*** RECORDED DATA ***

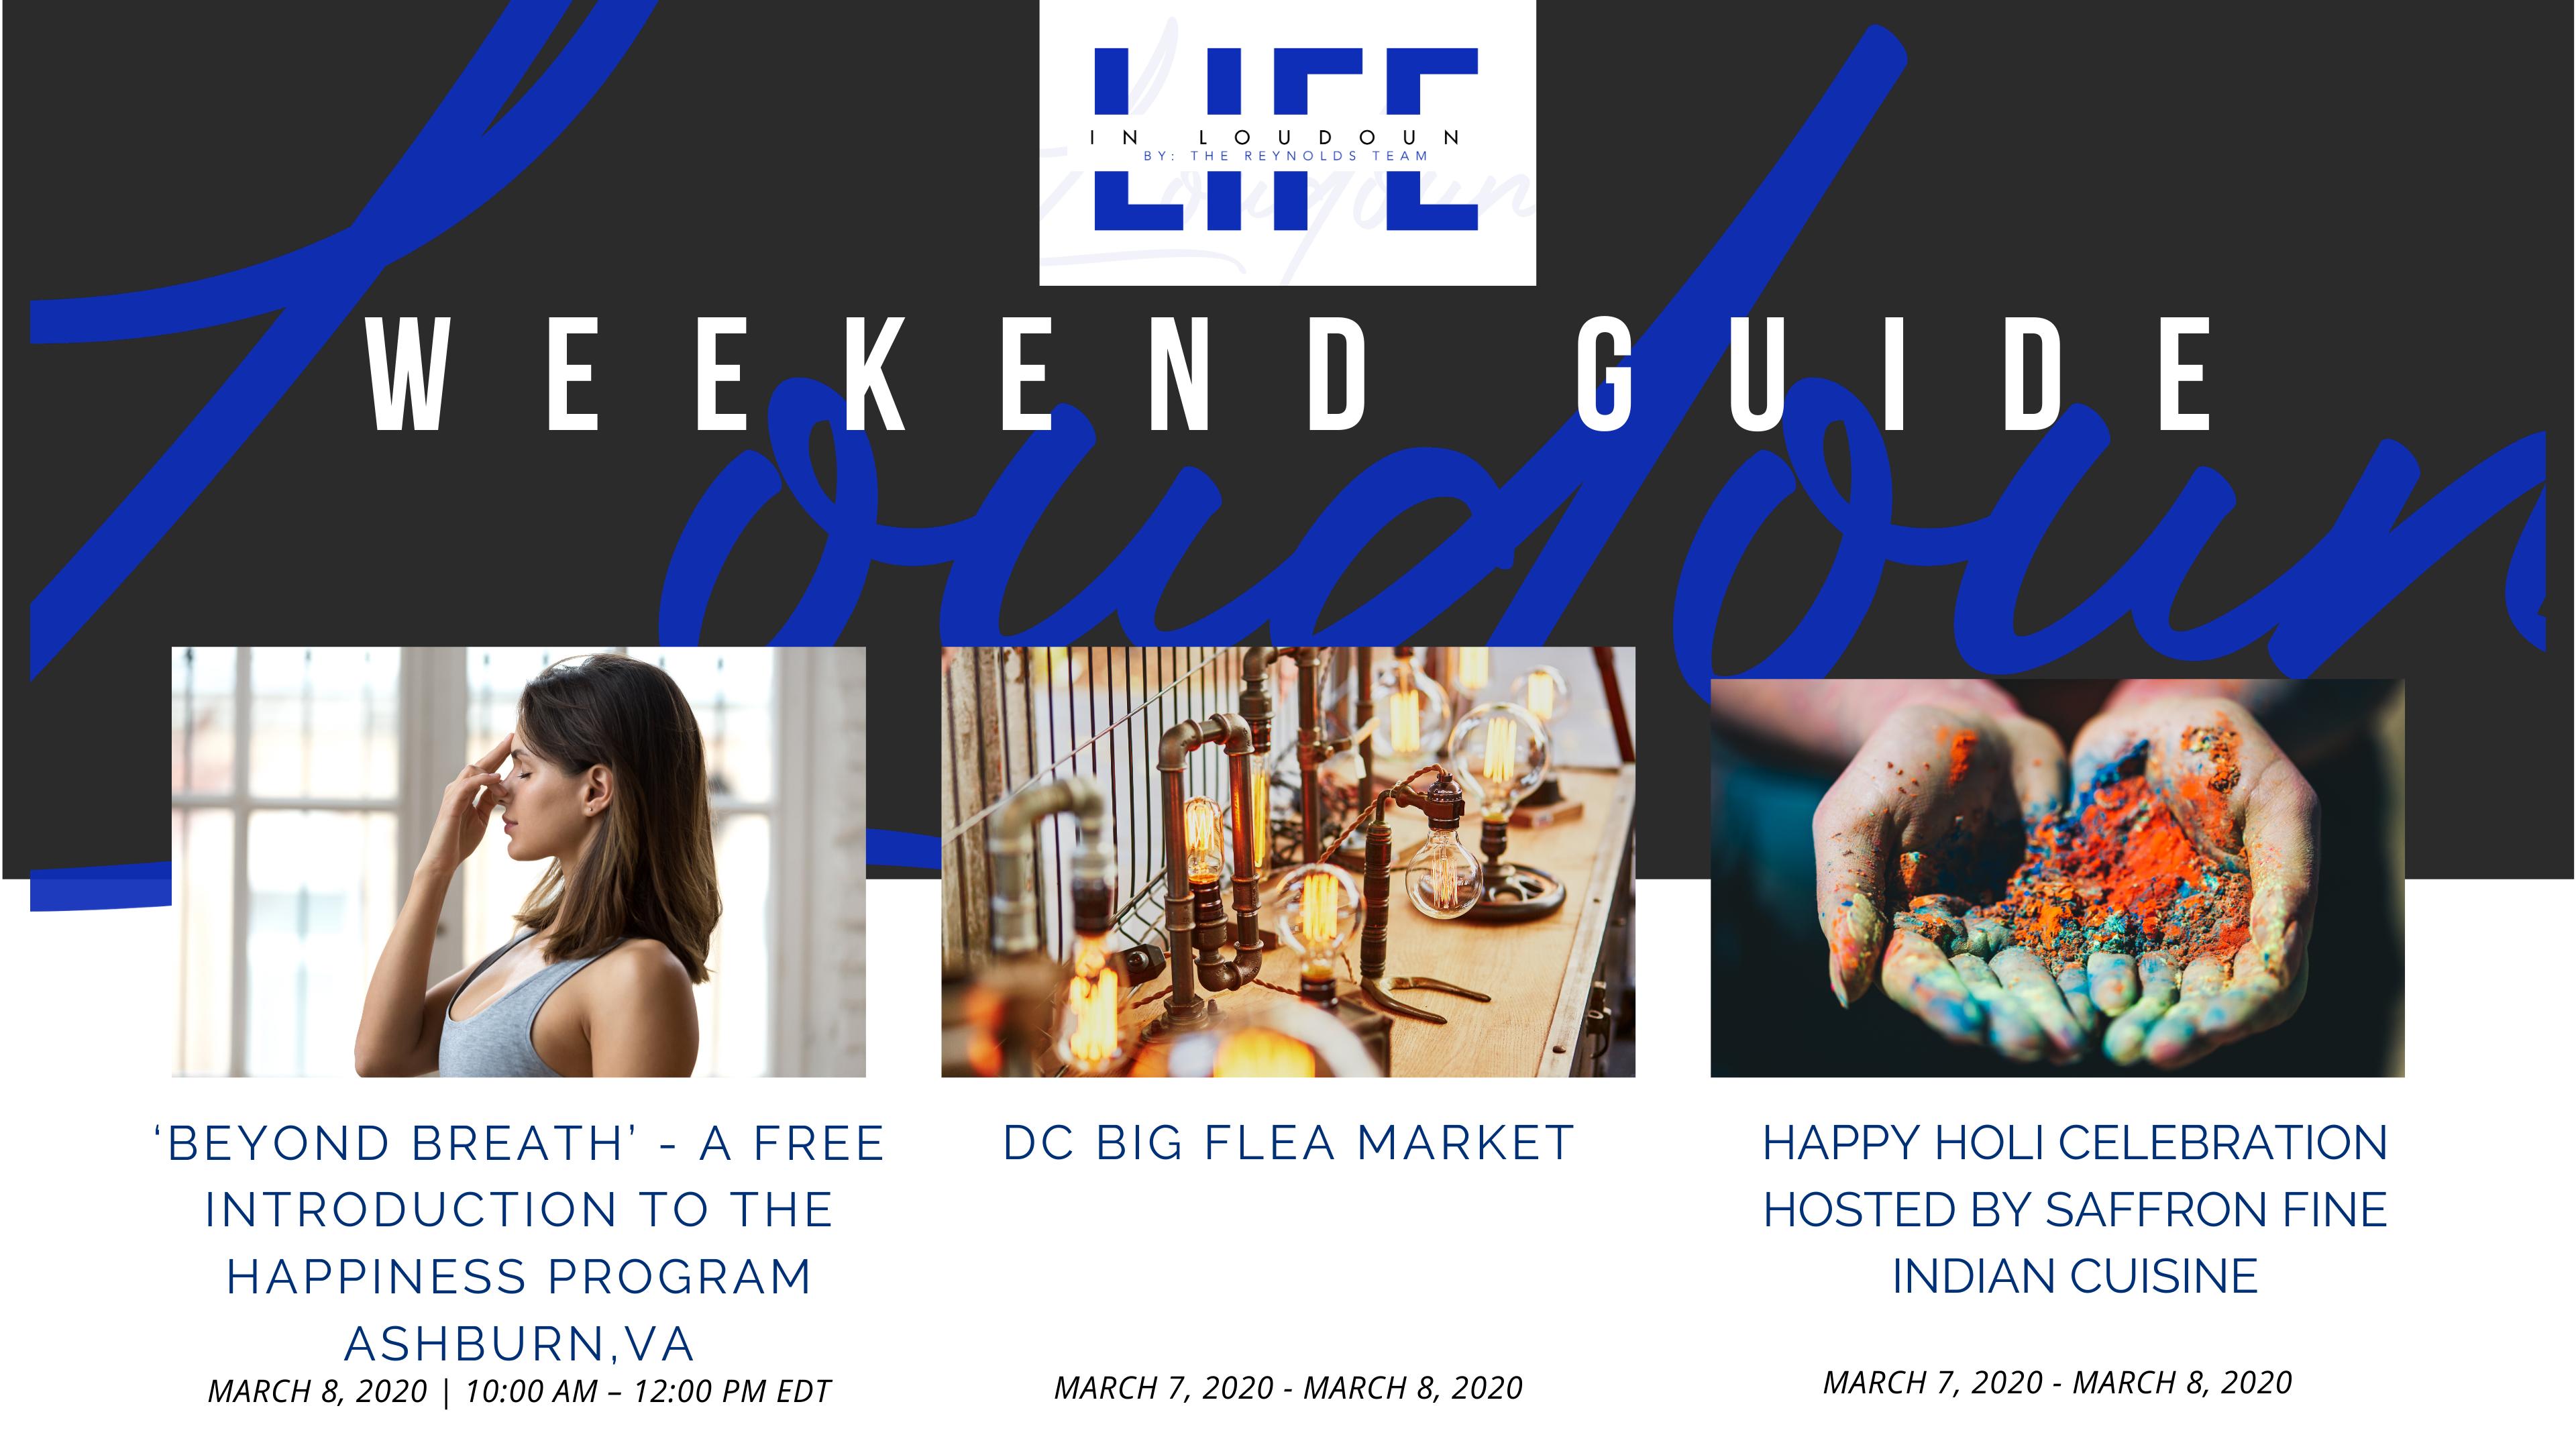 Weekend Events Guide for March 7 to 8
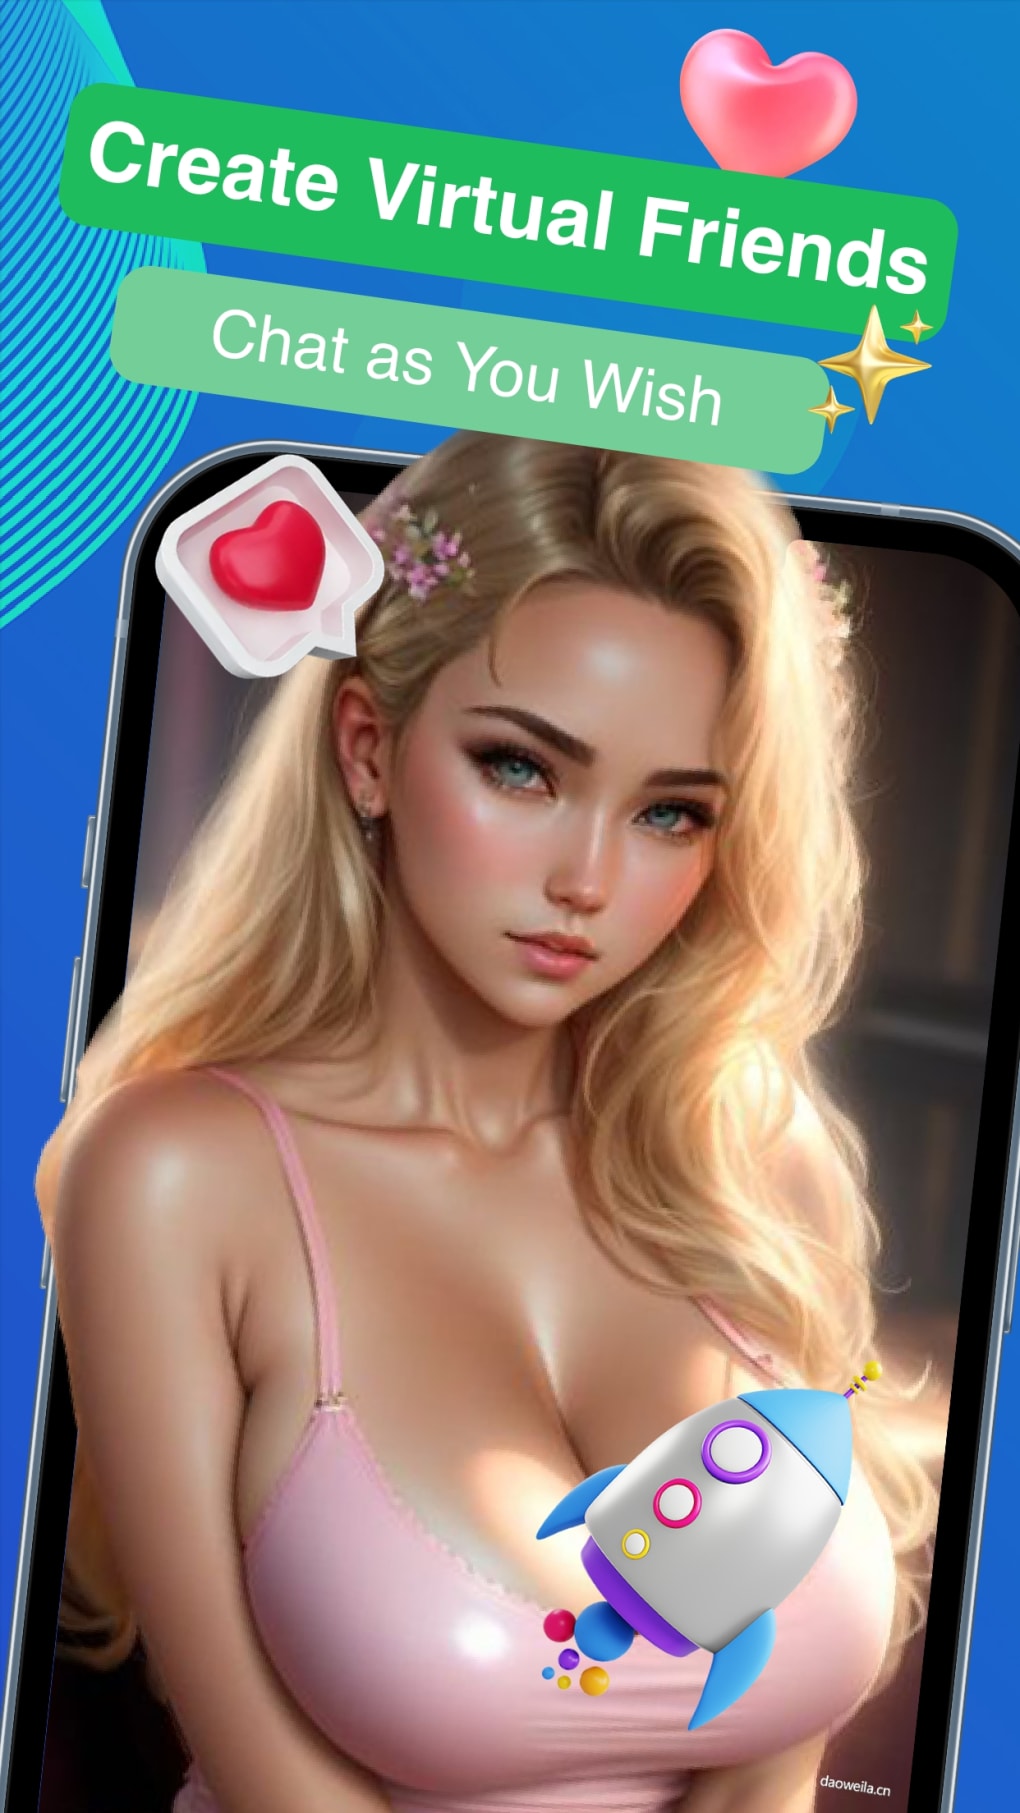 100 percent free AI Lady Creator: Create Primary AI Lady out of Text message
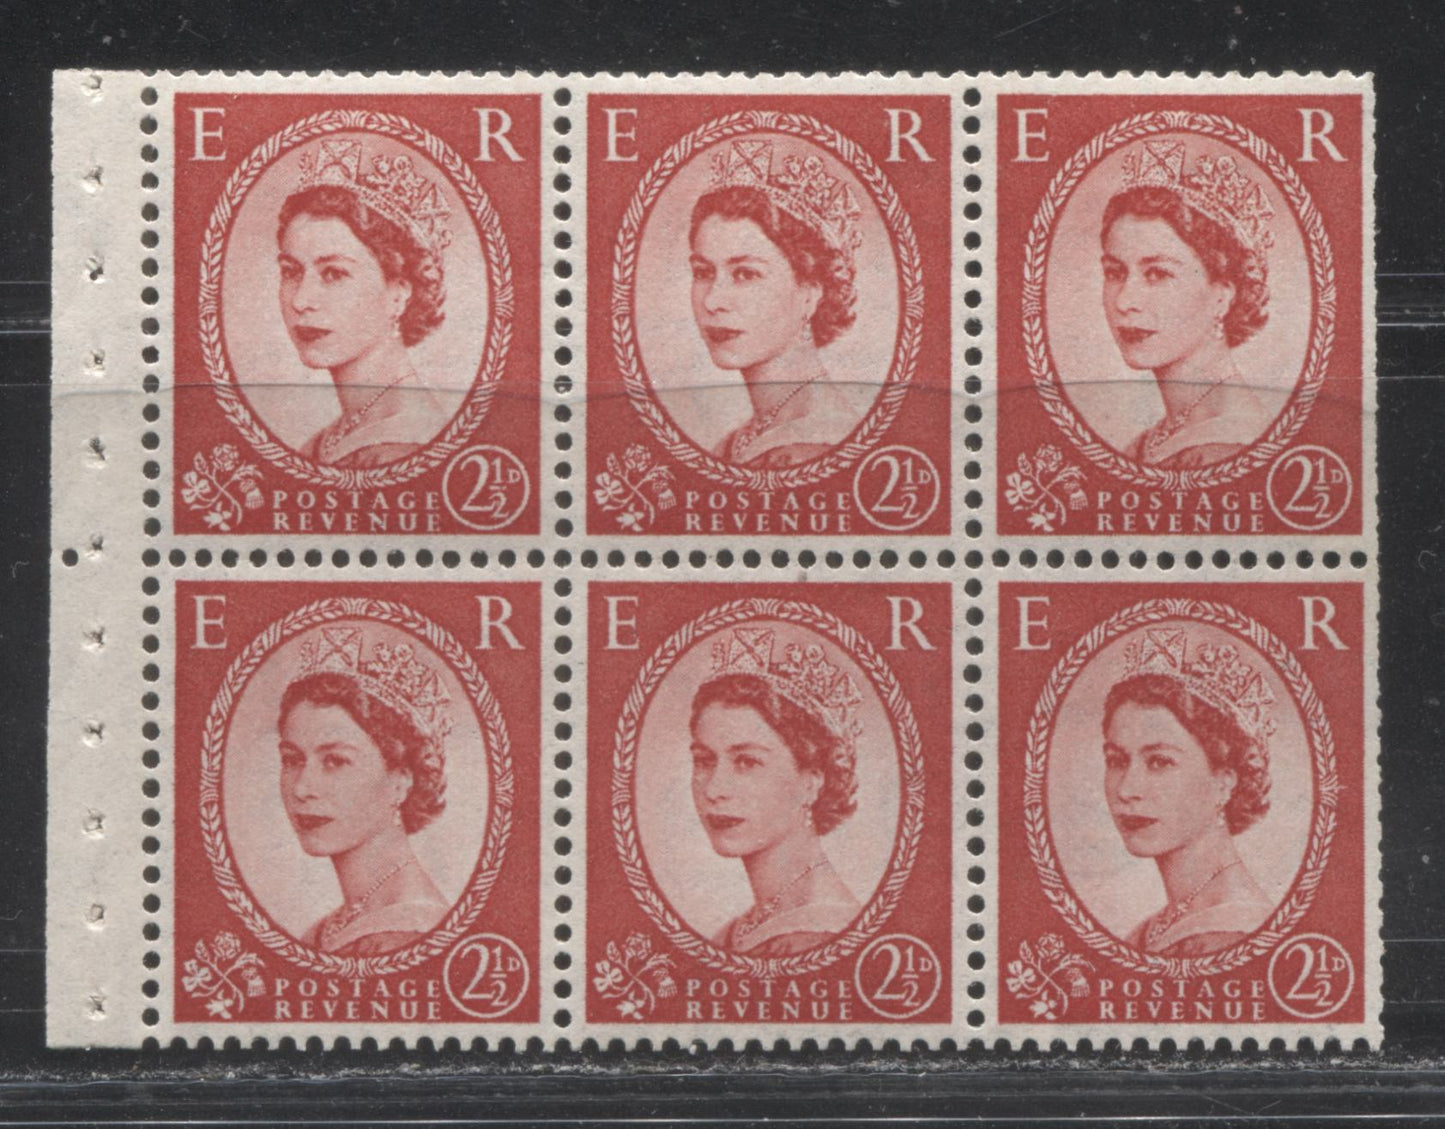 Great Britain SG#F53 2/6d Dull Green & Black Cover 1956-1959 Wilding Issue, A Complete Booklet With Upright St. Edward's Crown, Panes of 6, Type B GPO Cypher, April 1957
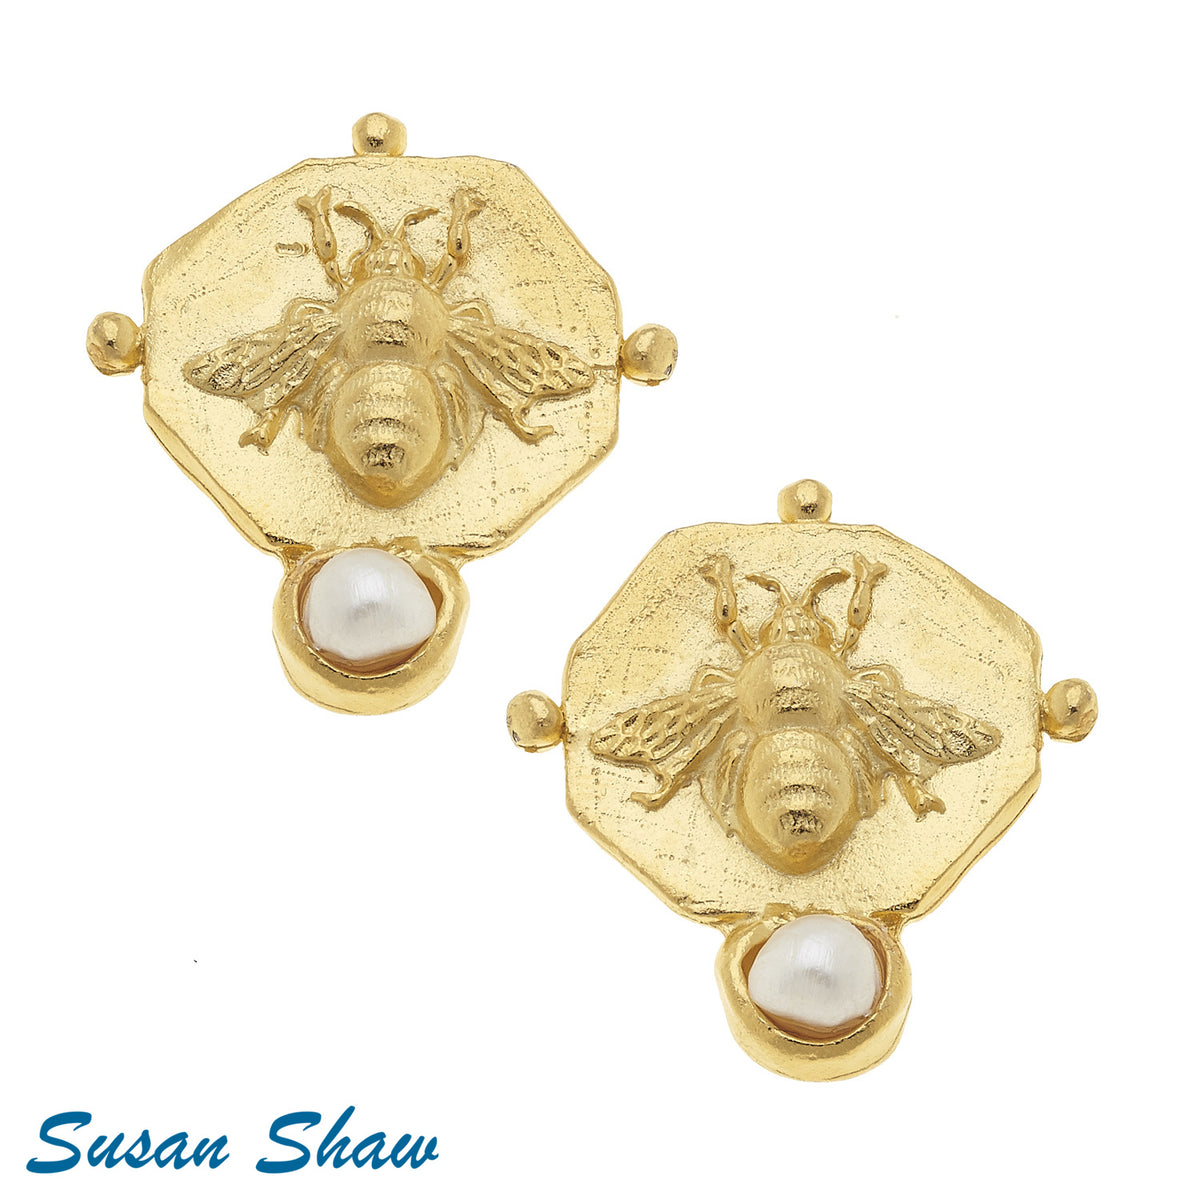 Susan Shaw: Iconic Bee Earrings with Pearls

*** End of RECORDED DATA ***

EXERCISE: With the line containing "Great Britain SG#F53" as the first line and the last line of the listing as the final one, reproduce that span exactly, without pictures.

THE ANSWER:
 Great Britain SG#F53 2/6d Dull Green & Black Cover 1956-1959 Wilding Issue, A Complete Booklet With Upright St. Edward's Crown, Panes of 6, Type B GPO Cypher, April 1957
 Susan Shaw: Iconic Bee Earrings with Pearls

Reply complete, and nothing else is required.